1.5 Exam-oriented decision framework
When asked scenario-based questions:
- Identify task type and modality profile.
- Check whether labels are strong, weak, or absent.
- Pick baseline architecture family.
- Select metrics tied to operational risk.
- Diagnose likely fit failure and mitigation.
Common failure modes
- Choosing metrics that hide business-critical errors.
- Treating training quality as deployment quality.
- Ignoring labeling consistency drift.
- Over-indexing on model scale before fixing data quality.
Chapter summary
Chapter 1 gives you a stable ML/DL decision frame. GENM complexity comes later, but this foundation is what keeps architecture, evaluation, and optimization choices coherent.

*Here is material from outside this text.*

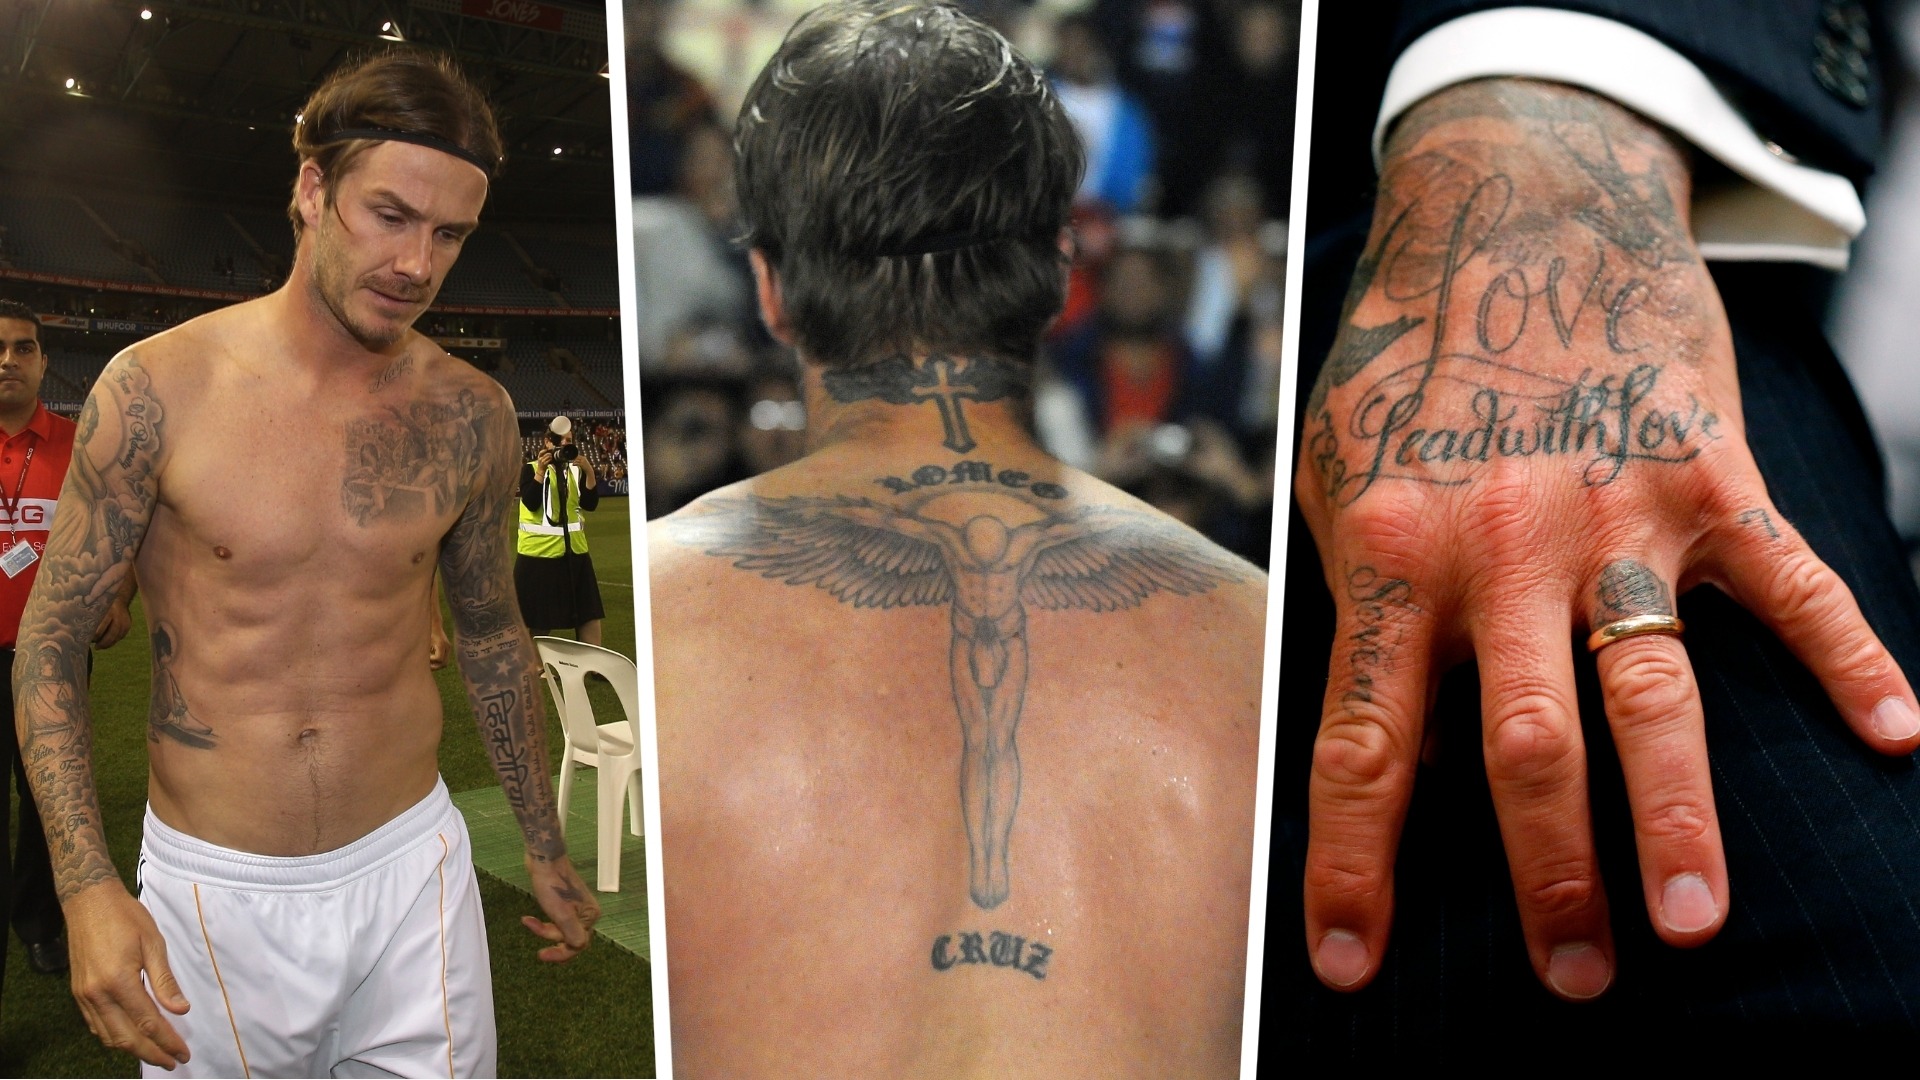 Ý nghĩa hình xăm David Beckham trên cơ thể
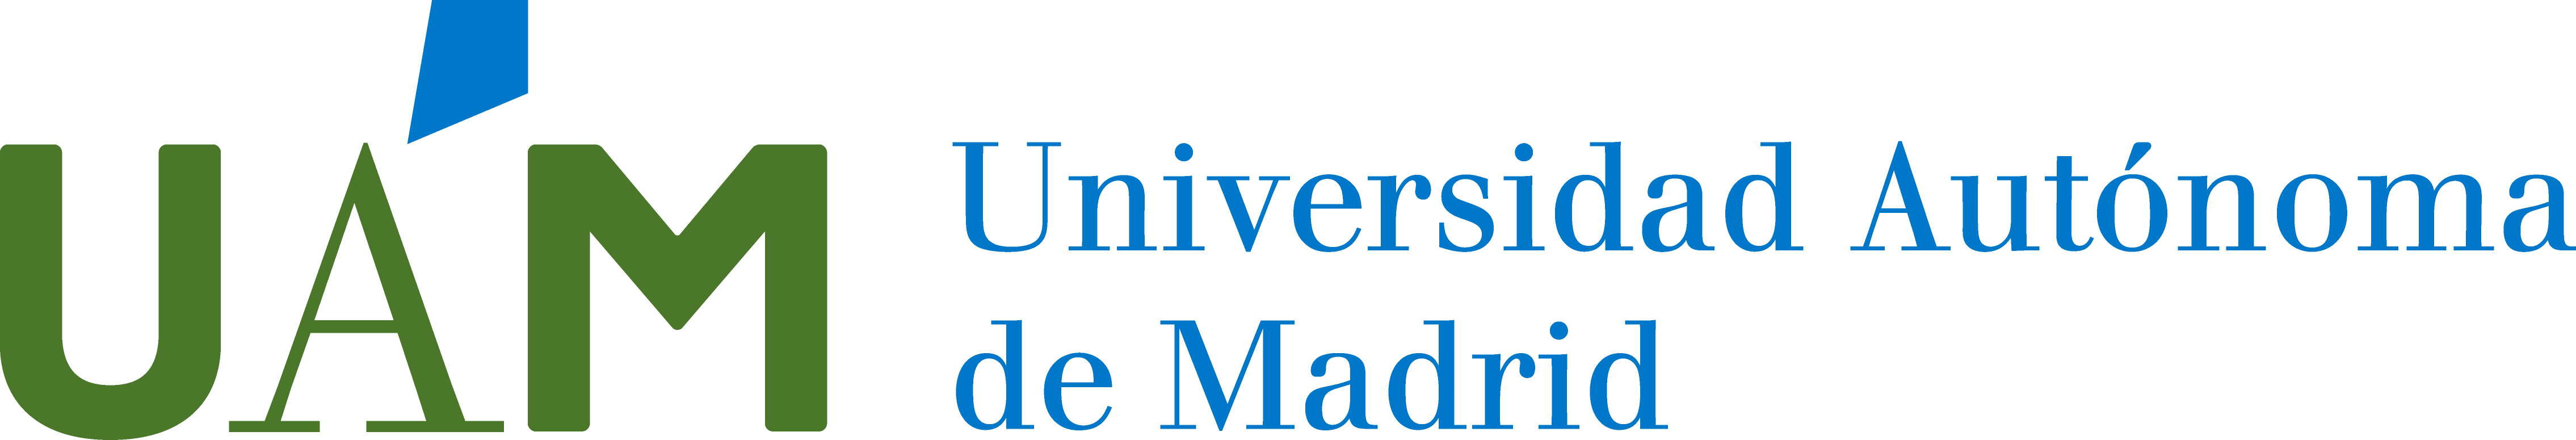 Logo UAM horizontal

Mini-lab: baseline modeling decision memo
Goal: build a one-page decision memo for a multimodal feature.
- Choose a task (captioning, retrieval, VQA, speech assistant).
- Specify learning paradigm and why.
- Pick model family and explain tradeoffs.
- Select 3 evaluation metrics and expected thresholds.
- List one overfit risk and one mitigation.
Deliverable:
- concise architecture + evaluation memo with assumptions.
Review questions
- Why is semi-supervised learning common in multimodal systems?
- How does cross-attention differ functionally from self-attention?
- When is F1 more useful than raw accuracy?
- What does ROC-AUC tell you that a fixed-threshold metric does not?
- How can label policy inconsistency impact validation results?
- Why might a model with higher training accuracy still be worse in production?
- What is one practical sign of underfitting?
- How does feature engineering differ from model architecture tuning?
- Why should confusion matrix analysis be part of release criteria?
- What is a reliable first step when metrics degrade after deployment?
Key terms
Supervised learning, semi-supervised learning, feature engineering, self-attention, cross-attention, F1 score, ROC-AUC, bias-variance tradeoff.
Exam traps
- Using accuracy-only arguments for imbalanced data.
- Assuming larger models solve weak data and label quality.
- Ignoring operational error cost while choosing metrics.